The Titanic sailed from Southampton on April 10, 1912 with 2228 passengers and crew. Only 705 people survived the voyage after the ship struck an iceberg in the North Atlantic on the night of April 15 and sank.
Things turned sour unfortunately with the Wall Street Crash in 1929. Shipping companies were badly affected by the downturn of the economy and the subsequent world depression. Some years passed, and as the economy slowly revived in the mid 1930’s shipping companies fortunes turned upwards again, and new ships were built. New routes were added, and for the first time it was possible to travel by ship from England to Australia.
By the outbreak of the Second World War in 1939 ships were travelling to most far flung corners of the world, often with migrants seeking new lives in parts of the British Empire. During the war many ships were commandeered and used as troop ships carrying soldiers to fields of conflict and back home again. Hundreds of ships were lost during the hostilities and the shipping fleets significantly reduced.
After WWII the numbers of passengers seeking to travel on ocean going liners (known as ‘line voyages’) significantly reduced. Many countries imposed restrictions on the numbers of immigrants allowed into their country, thus reducing the numbers of passengers seeking cheap passages to Australia, New Zealand and Canada. But it was the introduction of the jet aircraft as a means of travelling for both work and leisure that was the major factor in the steady decline in the popularity of travelling by sea. The decline began in the late 1950’s and resulted in ships like the Queen Elizabeth becoming redundant. In 1959, six months after the first commercial flight across the North Atlantic, for the first time more people flew across the Atlantic rather than sail on a liner.
By the 1970’s the advent of the Jumbo jet really saw the end of the golden period of transatlantic cruise liners. Many ships, including the famous Queen Elizabeth, were sent to the scrap yard during this time, and those that remained were introduced into the cruise service with shipping lines keen to market their ships for leisure travel. This was a tricky period for shipping lines and many did not survive. Those who did had to remodel their ships to reflect the new cruise market, with a single ‘class’ rather than the old fashioned first, second and third classes of travel by ship which saw the wealthy passengers enjoying luxurious top deck travel while the third class passengers enjoyed cramped dormitories in the bowels of the ship. (Think Titanic!)

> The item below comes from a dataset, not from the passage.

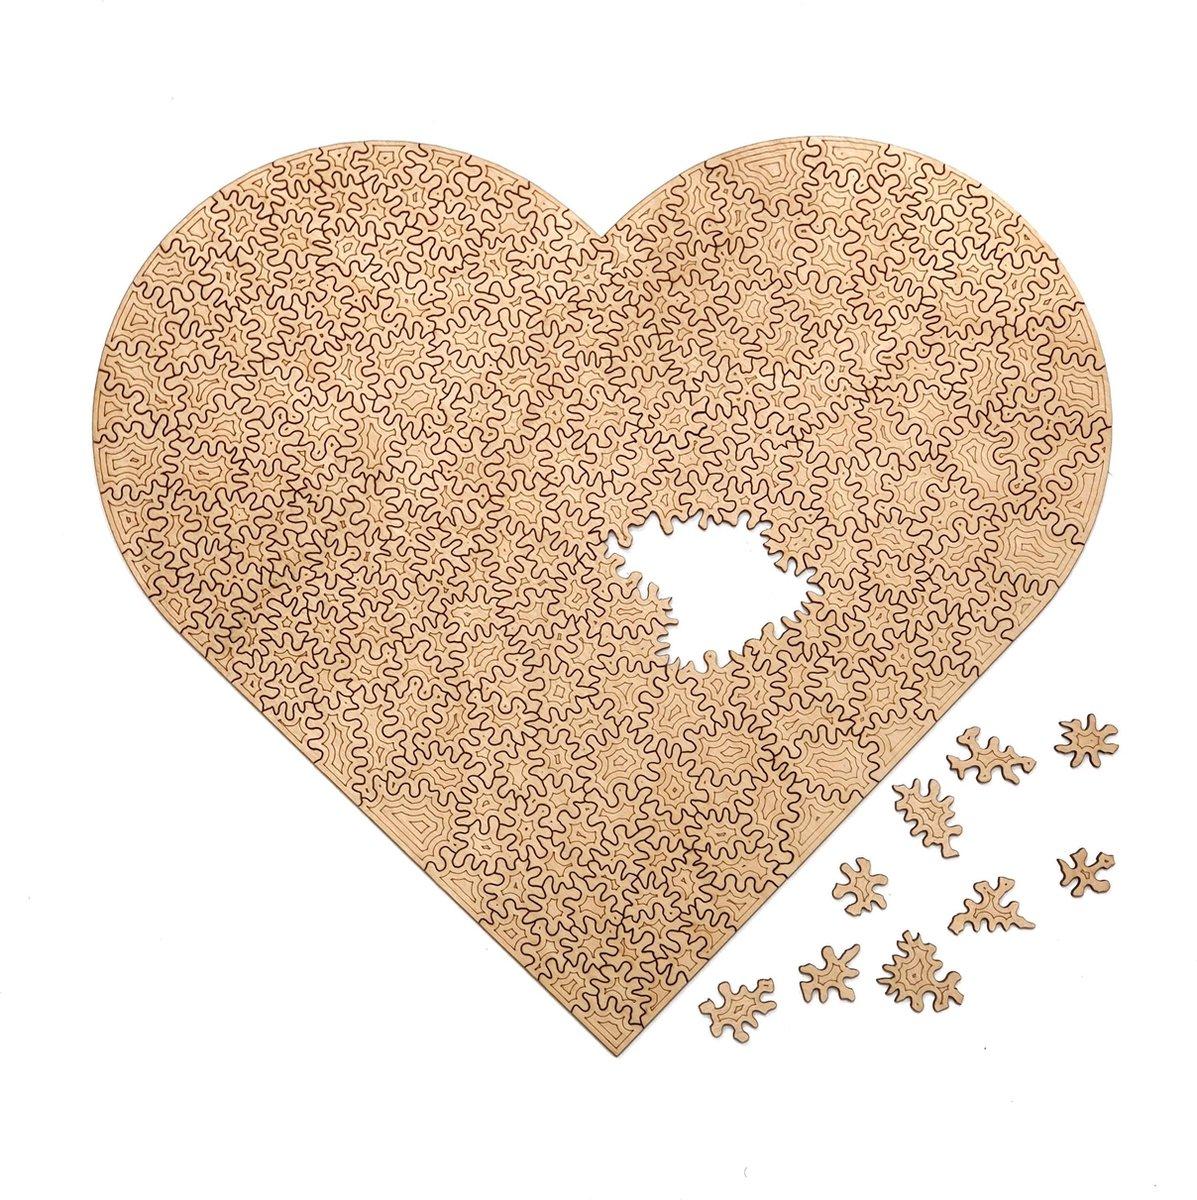 Gebroken Hart | Houten Puzzel | Chaos serie - 300 stukjes | Legpuzzel | Jigsaw| Origineel Dutch design | Geproduceerd in Nederland | Kaboomlaser

The famous Queens (Queen Mary, Queen Elizabeth) the France, the United States and the Italian Michelangelo and Raffaello were all completely unfit for cruising without spending vast amounts of money on rebuilding these ships. For example their lay-out couldn’t be changed to one class without major alterations, they lacked air-conditioning and outside swimming pools, and their draft was to deep to visit small ports popular in cruise service.
Cunard Line tried to adapt the Queens for cruising, by installing outdoor pools and solving the airco-problem, but both were a financial disaster and were taken out of service in 1967 (the Mary) and 1968 (the Elizabeth) respectively.
By the 1970’s with the introduction of the jumbo jet the age of transatlantic cruise liners had ended, and with it the golden age of travelling by ship.
Despite the death of the transatlantic shipping business the shipping companies continued to reinvent themselves. Some turned to cargo and others turned to leisure cruising. A combination of clever marketing, packaging of cruises as all inclusive holidays, TV programs based on cruising and a desire for people to experience new types of holidays saw the reinvention of cruising not just a way to travel to a destination, but as a travel product in its’ own right.